Uno dice memoria y parece que habla del pasado, pero la memoria está en el aquí y ahora, eso que llamamos memoria es un valor vivo, como el ganado en pié o la onza troy.
Esta pandemia no ha hecho más que opacar relumbres y acicatear los detalles. Naturalmente asociamos memoria a recuerdo, abriendo un abanico que recorre desde los detalles de asuntos íntimos hasta los que quedaron grabados de la vida pública o política.
A ver si nos vamos entendiendo, el pasado, lo anterior, la frase “…no mires para atrás…”, no son más que los desgastados artilugios de los exprimidores de limones ya exprimidos que lucran con el olvido.
Es ese acopio de imágenes, sensaciones, percepciones sensoriales, que son capturas de vida no vivida sino por vivir, nadie puede decirnos que el tiempo corre para adelante, que hoy es antes que mañana, que el futuro está después del presente. Esta pandemia puso patas para arriba el estar en la vida, es la memoria la que nos permite proyectar un futuro puente entre algo que llamábamos “normalidad” y ese otro algo que llamamos “nueva normalidad”. A pura memoria se inventa el camino.
Parecería entonces que la memoria tiene la forma de una trama sensorial donde se imprime una imagen. ¿Pero se imprime un conjunto organizado, con cierta forma de relato articulado o es más bien un archipiélago de recuerdos, citas, sensaciones, pensamientos, mini peliculitas o retazos de sueños? ¿Islas Flotando en qué mares? Y además, ¿por qué esas islas y no otras?
Uno elige de alguna manera su memoria, que no es más ni menos que el todo, no solo lo que se recuerda (lo que volvemos a pasar por el corazón) sino también lo que olvidamos. Ese archipiélago se conecta con vida concreta, construye las decisiones de un ser humano.
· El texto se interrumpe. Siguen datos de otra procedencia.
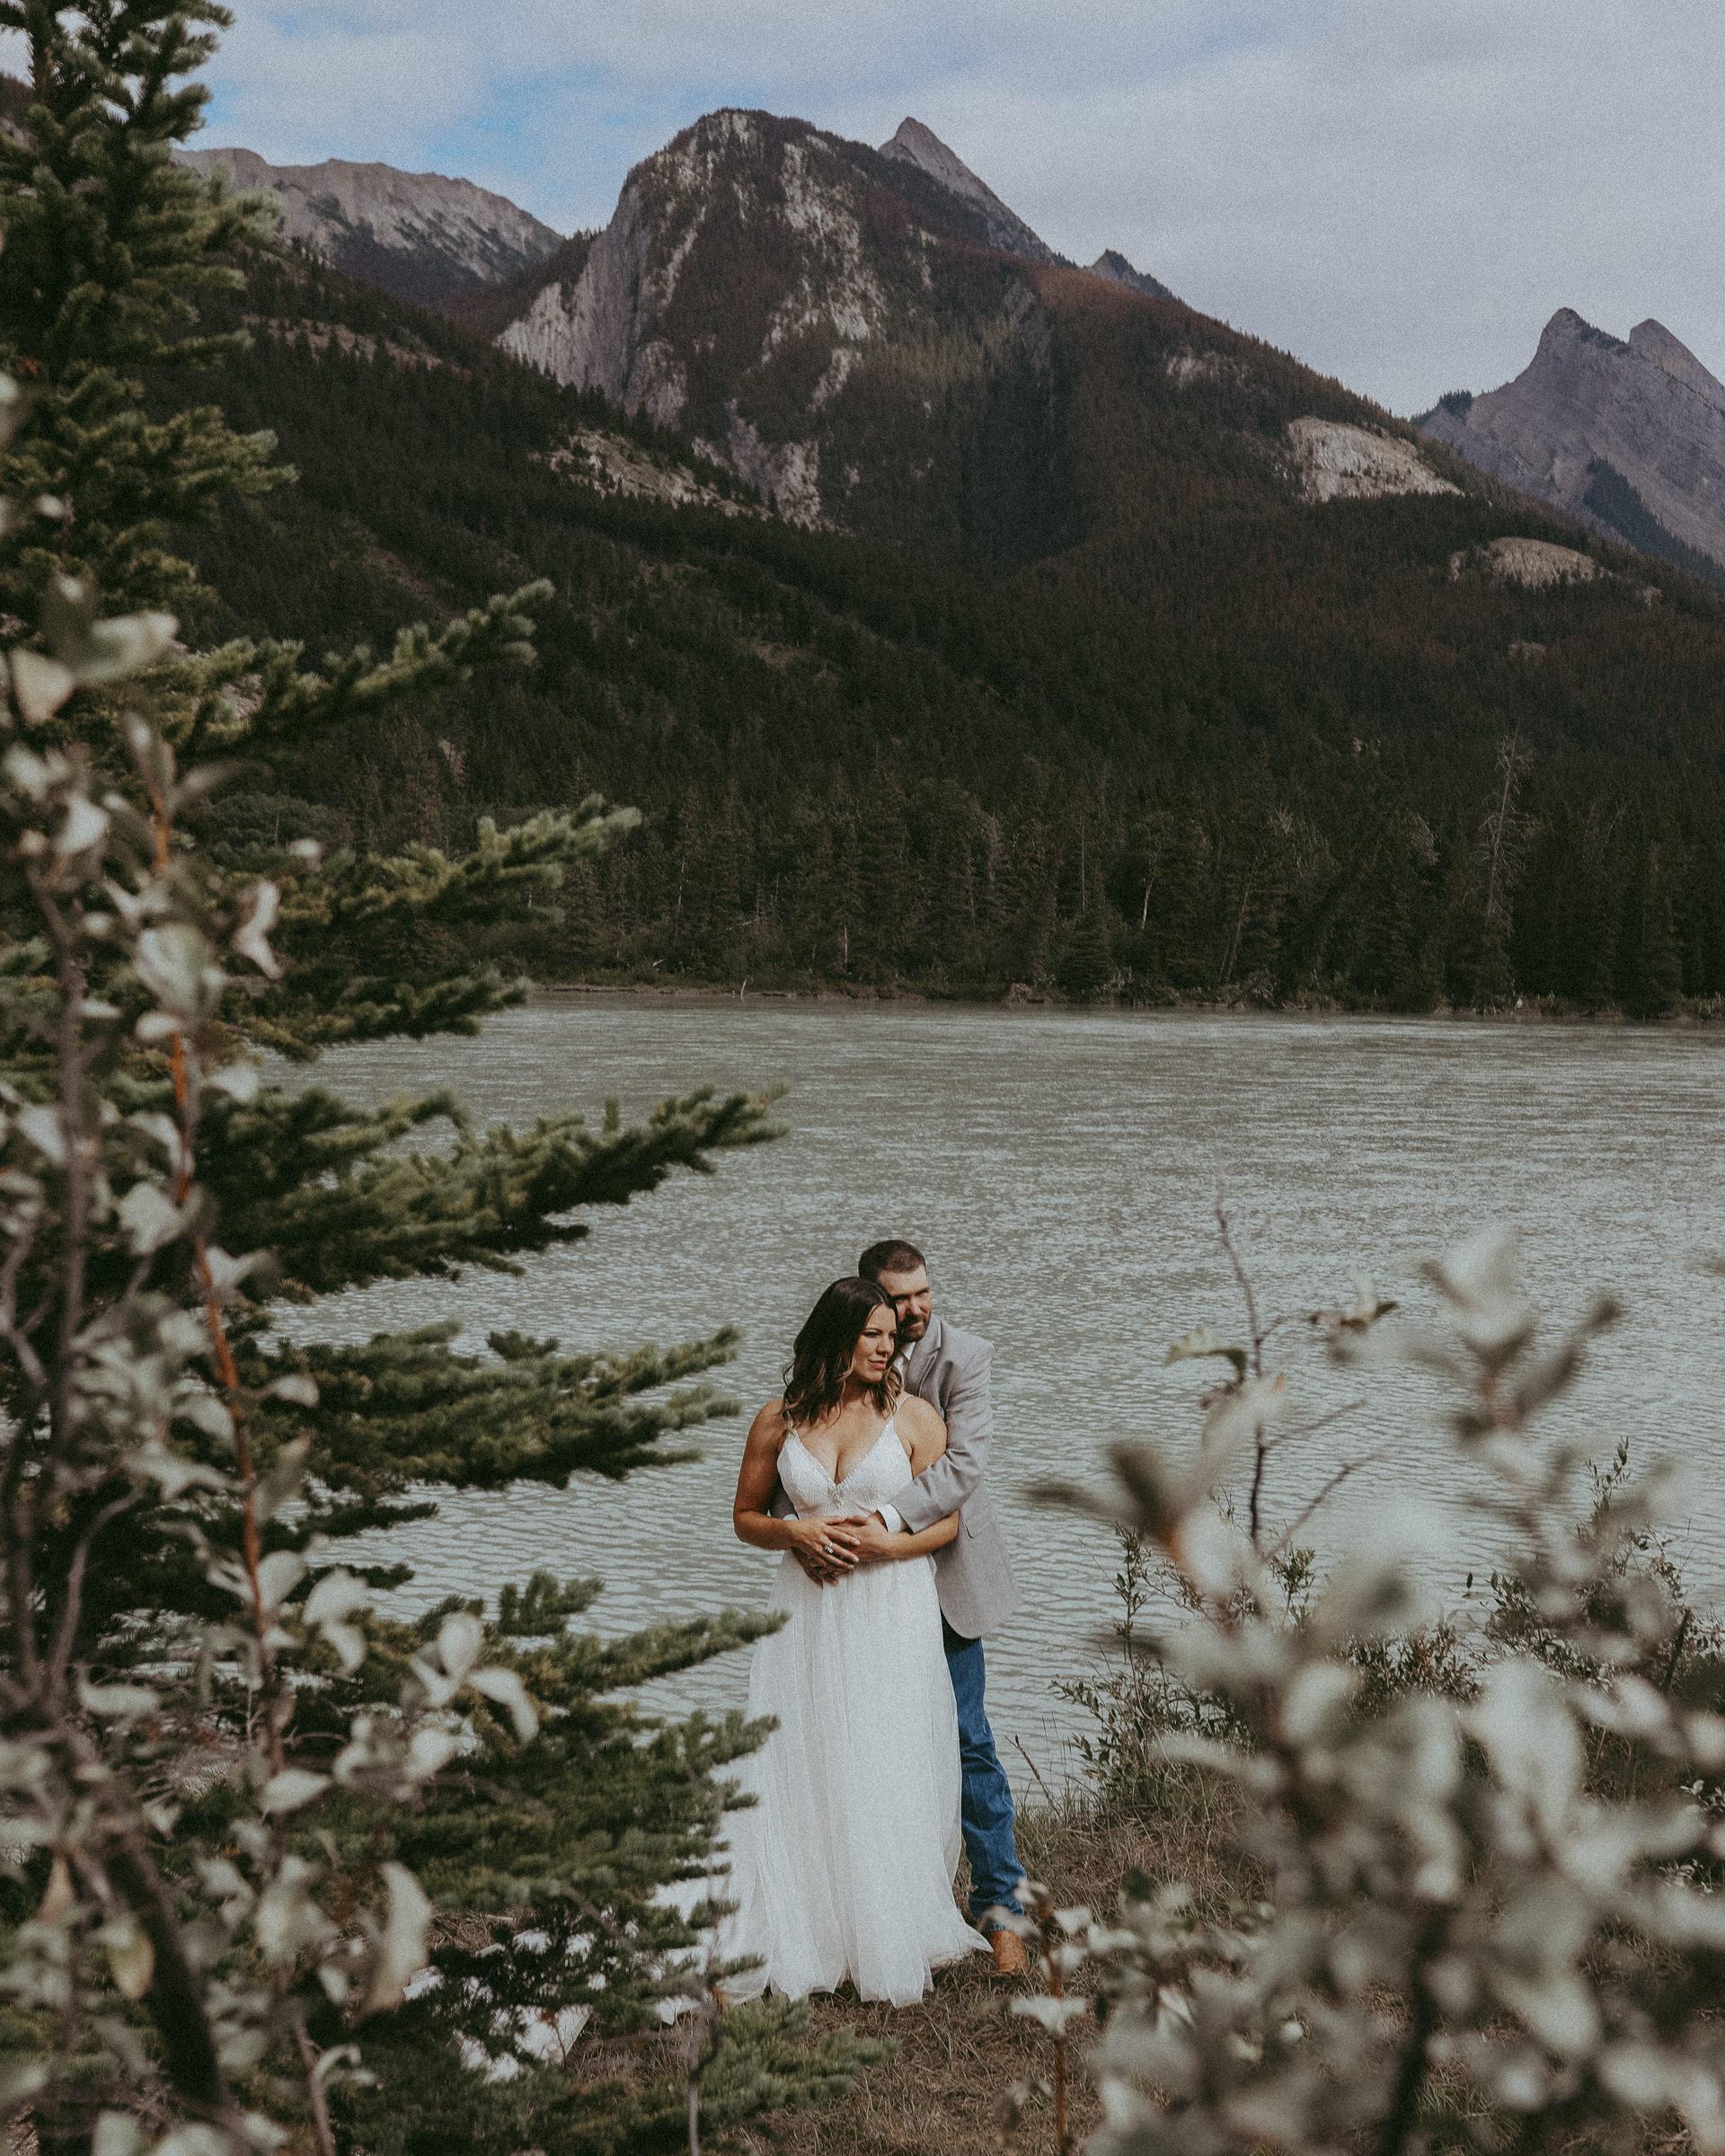 Jasper Day Use Area Wedding

Es de seres humanos mantener con vida la memoria. Se la escucha, es imposible que no esté viva, esto la experimentamos en el teatro sin ir más lejos.
Los inicios de los métodos y sistemas de formación actoral coinciden con los primeros estudios y ensayos de psicología. Es bien conocida la influencia que Theódule Ribot y sus estudios sobre la memoria, tuvieron sobre Konstantín Stanislavsky y sus primeras investigaciones. Ribot clasificaba la memoria en tres rubros, por así decirlo, uno la memoria fáctica y consciente aquella que recuerda lo hablado ayer o el recorrido del bus.
Otra la del cuerpo, aquí se alojan ciertas destrezas como saber andar en bicicleta, en cuanto nos subimos, así hayan pasado años, logramos mantener el equilibrio y hacer rodar la bicicleta.
Finalmente la sensorial, recordamos olores, texturas, sueños, impresiones. Éstas últimas son imágenes sensoriales que quedan impresas, estampadas en la memoria y casi siempre son acompañadas por una emoción.
Eran los tiempos de un cambio de paradigma en la actuación europea, donde se conjugaron autores como Anton Chéjov, con la irrupción de nuevos públicos, la fotografía y la luz eléctrica.
Empezaban a ganar la escena personajes incompletos, que desconocían sus propios deseos, de diálogos donde se dice poco y se oculta mucho, burgueses parecidos a nosotros pero con mucho menos psicoanálisis encima.
Ya no servían para actuar los especialistas en roles que manejaban cierto modos del habla y el gesto que les permitía llevar adelante un catálogo de “tipos”.
Hace falta la memoria, que no es un arcón de recuerdos en desuso, para estos actores será su campo de trabajo. Parte de su trabajo era construir una memoria que alimente, que sostenga la producción de una subjetividad verosímil para el realismo.
Se escuchaba decir a algunos directores de teatro que su trabajo era “poner de pié” la obra o dotar de vida el texto.
La memoria es combustible que sostiene la energía de la escena, mantener al espectador activo conectando lo que percibe con su identidad y su comunidad, tejiendo la trama de aquello que conmueve.
Quizás el trabajo del actor y del director es construir memoria, algo que estampe retazos de vidas, a transformarse en pequeños exabruptos de un islote del archipiélago de la memoria colectiva.